Setting aside any pictures, reproduce the data exactly.

** Opening AVAILABLE DATA block **

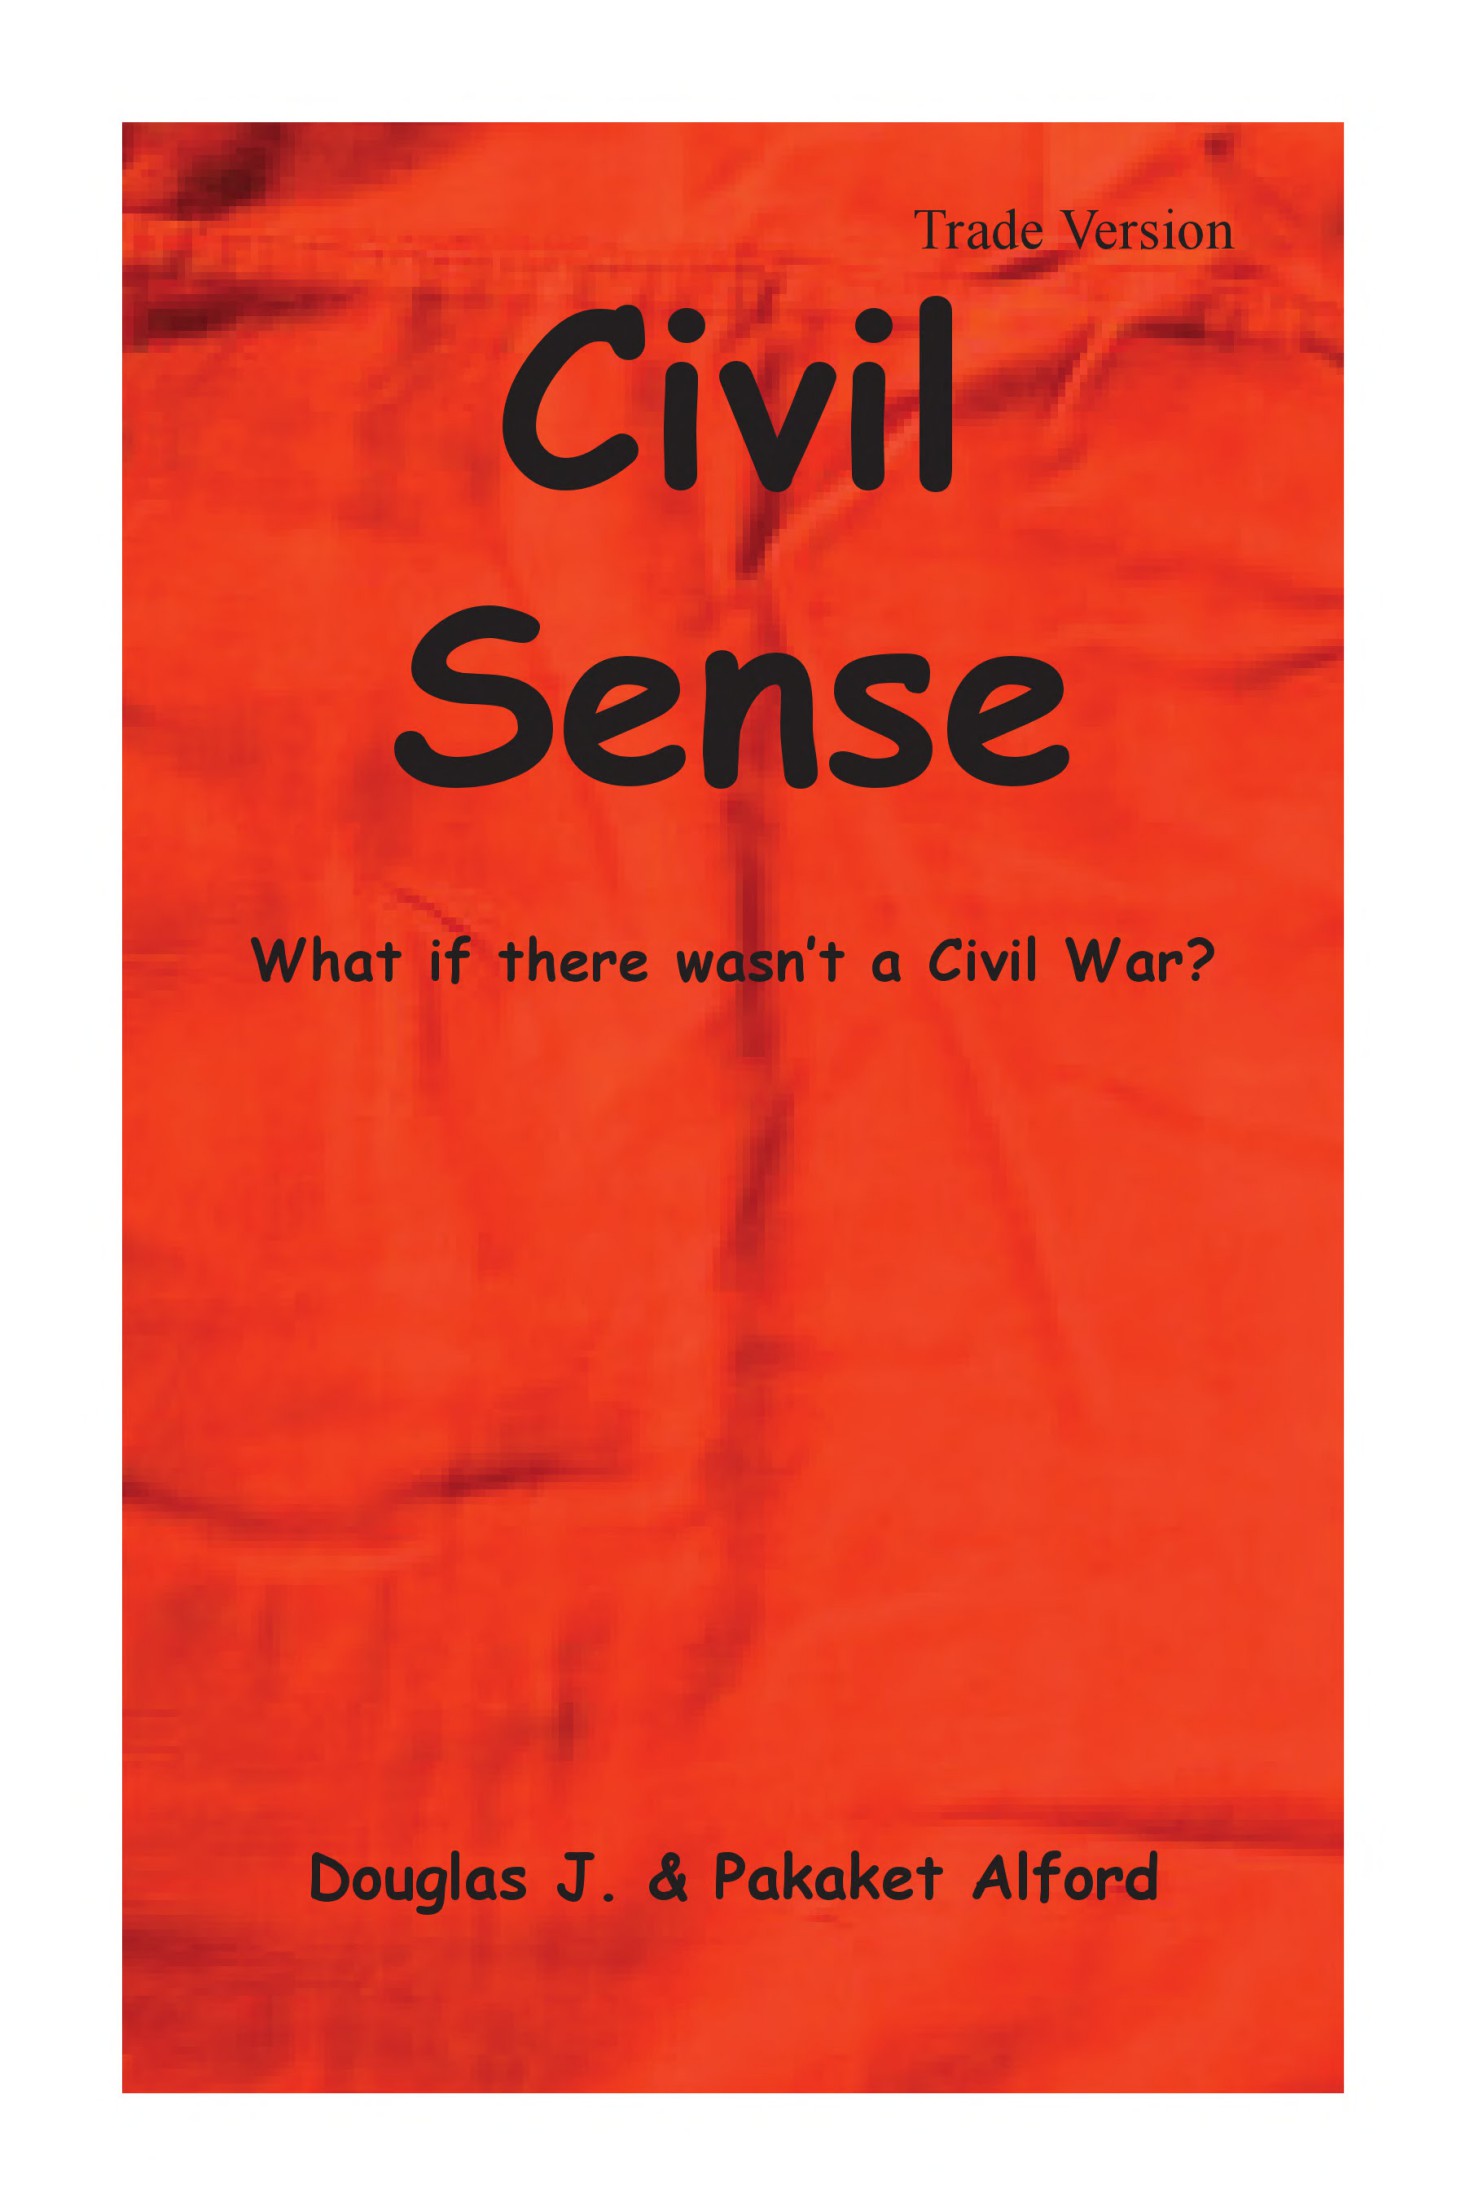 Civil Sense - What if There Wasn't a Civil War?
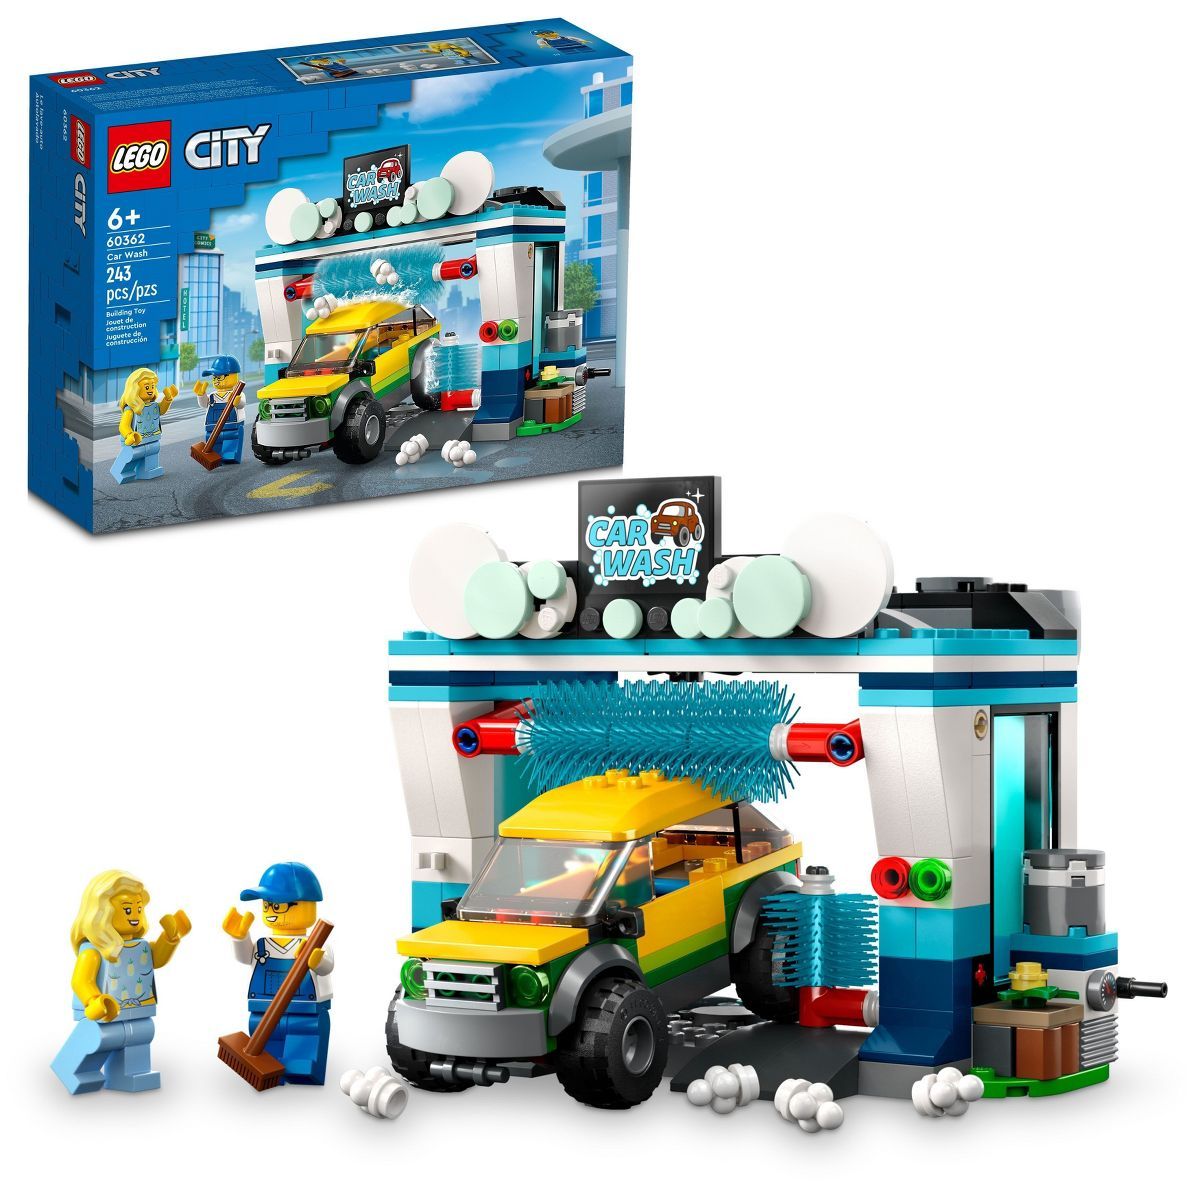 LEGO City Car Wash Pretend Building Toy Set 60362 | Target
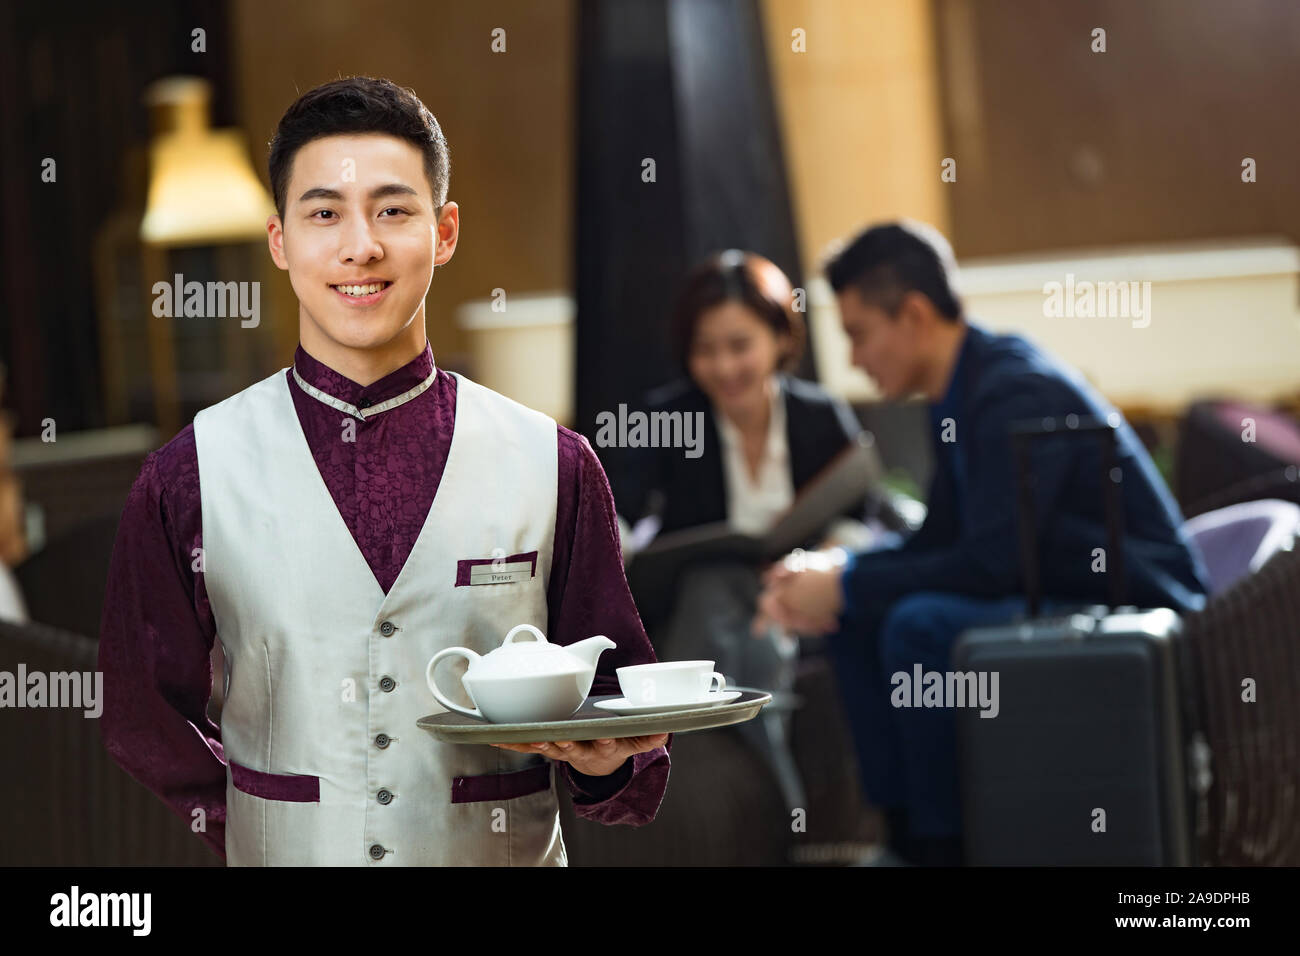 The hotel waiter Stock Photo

** Closing AVAILABLE DATA block **

# SOLUTION FOR THIS EXERCISE
 Civil Sense - What if There Wasn't a Civil War?
 LEGO City Car Wash Pretend Building Toy Set 60362 | Target
 The hotel waiter Stock Photo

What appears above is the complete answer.